In 1999, Sony was ascendant. Its video gaming business was its most profitable division, the PlayStation 2 was the world’s most successful console, and hopes were high that the successor would prove even more popular.

To achieve this, the designers believed they would have to make the PlayStation 3 the most powerful console possible, with its own custom microprocessor.

Sony turned to IBM and realized that “there was a potential synergy between the consumer oriented technology that Sony worked on, and the more business and data center oriented technology that IBM worked on,” Peter Hofstee, distinguished researcher at IBM, told DCD.

A year of discussions culminated in a grand vision to develop a radically new chip architecture that the two companies hoped would become integral to consumer electronics, edge devices and data centers.

Cell Broadband Engine Architecture on a PS3 board
Cell Broadband Engine Architecture on a PS3 board – Wikimedia Commons/Greenpro

Behind the Cell

This innovation would be known as the Cell Broadband Engine Architecture, and would help commercialize the concept of heterogeneous computing, which relies on more than one kind of processor or core.

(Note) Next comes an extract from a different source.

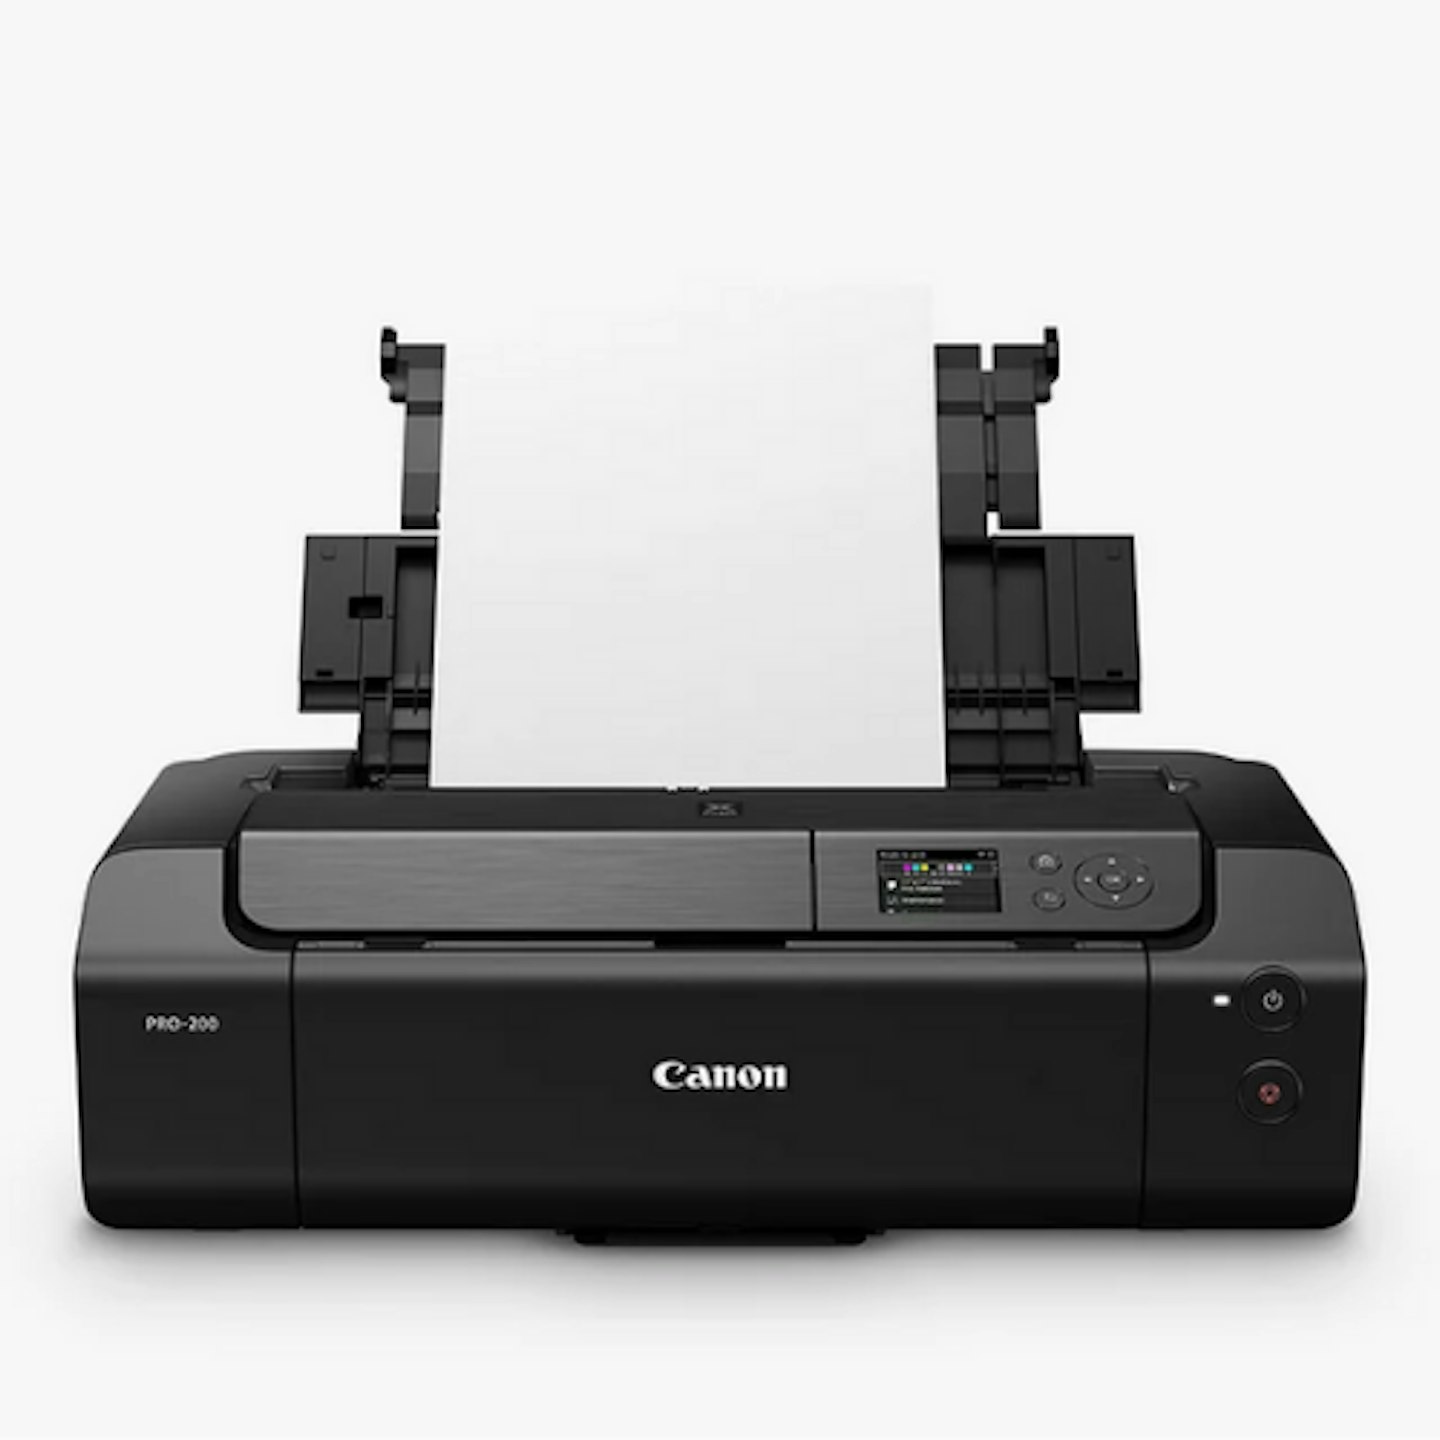 Canon PIXMA PRO-200 A3 Wireless Wi-Fi Photo Printer

Sony and IBM also recruited Toshiba, which previously worked on the PS2’s Emotion Engine CPU, and together formed the STI Alliance, with a budget of approximately $400 million.

With the Cell chip set to launch as part of the PS3, Sony’s decisions were handled by Ken Kutaragi, the ‘father of the PlayStation’ who was at the time widely expected to become the next Sony president.

“This was research on a development schedule,” Hofstee said. “We did over 600 patents leading into this thing. There were some very significant technical challenges along the way. We would get the architecture team and the key leaders from Sony and Toshiba every morning for weeks, sometimes months on end and we would hash through these things in a very collegial way.”

The principal idea of the chip was to combine a general-purpose Power Architecture core with streamlined coprocessing elements. “One proposal, which maybe does not seem as exciting today, but was pretty aggressive at the time, was a four-core Power proposal. But Kutaragi decided that that was actually not aggressive enough,” Hofstee said.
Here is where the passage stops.